23rd September 2005 at 01:00
Counsellors preferred for 'embarassing' problems. Nicola Porter reports

Most children would talk to their teacher about their personal problems if they were not so busy, research suggests.

A random sample of 1,500 pupils in 18 Welsh local authorities were quizzed over plans to introduce a national children's counselling service. Although they believed they could approach their teachers, many said they would rather talk to a person from outside school about more "embarrassing" issues.

Children's commissioner Peter Clarke recommended the introduction of a national independent counselling service for children in his landmark Clywch report, published last year. He believes the availability of independent counsellors will encourage bullied or abused children to seek help and talk to a trustworthy adult.

It follows his lengthy investigations into why sex abuse allegations made against drama teacher John Owen took so long to emerge. Mr Owen, a former teacher at Ysgol Gyfun Rhydfelen in Pontypridd, killed himself in 2001, days before facing accusations in court.

Mr Clarke has been critical of delays in implementing recommendations in his report, especially concerning child protection.

Children surveyed by Red Kite Consultancy for the Assembly government said they believed it would be a good idea to have a school counsellor, but they had reservations about one-to-one sessions.

Younger children in particular raised concerns about talking to a stranger.

Others said they felt everyone should be made to see a counsellor so those seeking help were not singled out. Jane Davidson, minister for education and lifelong learning, has pledged pound;200,000 to kick-start pilot schemes next year.
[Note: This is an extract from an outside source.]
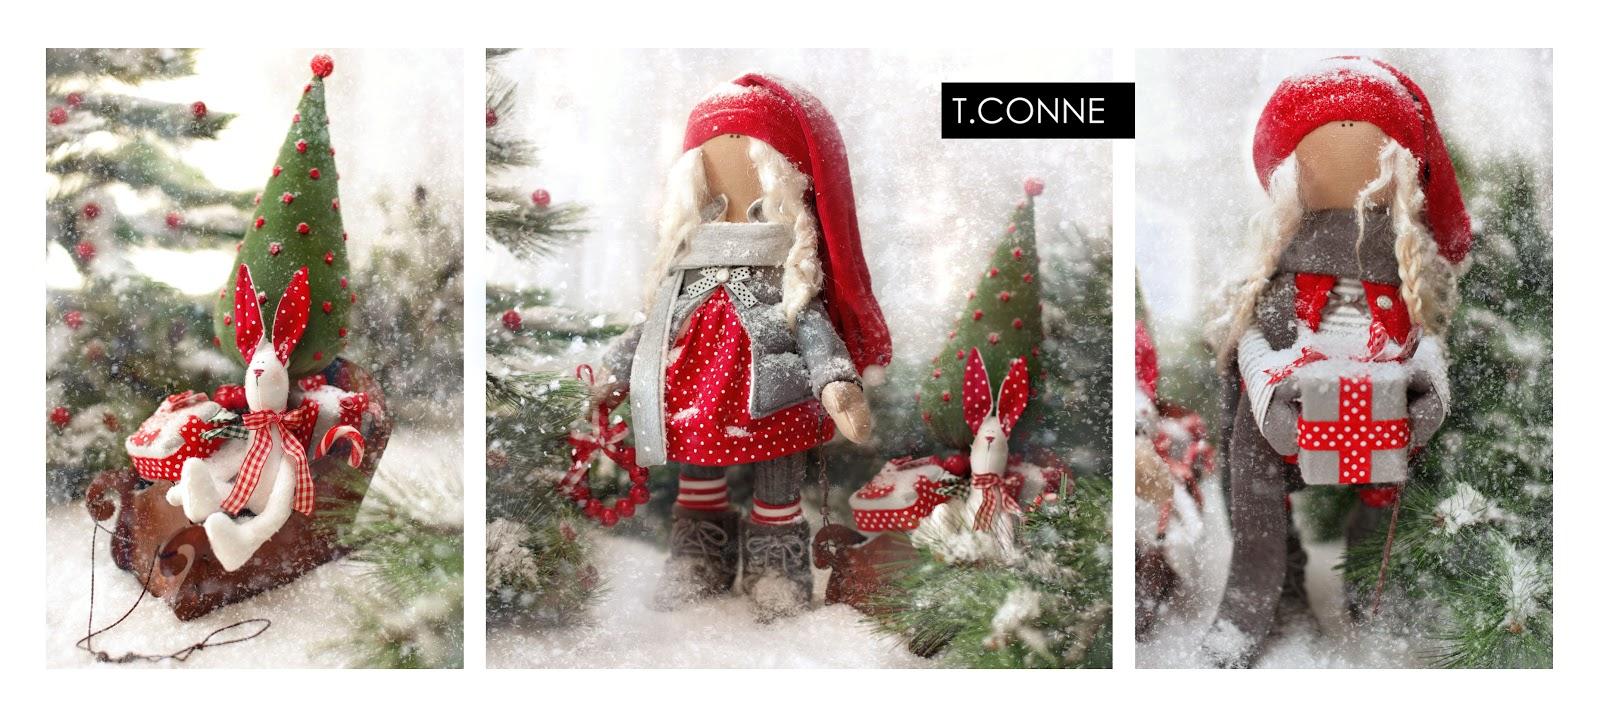 Про Татьяну нельзя не вспомнить, тем более и повод есть, волшебная рождественская история в ее блоге.

Assembly funding was also given to local authority-run children's and young people's partnerships to consult children on the handling of abuse complaints, support for those making complaints, and the provision of counselling services within education.

In her report to the Assembly's education and lifelong learning committee this week, Ms Davidson said further research would look at whether counselling should be school or community-based, how independent it should be and how much it will cost.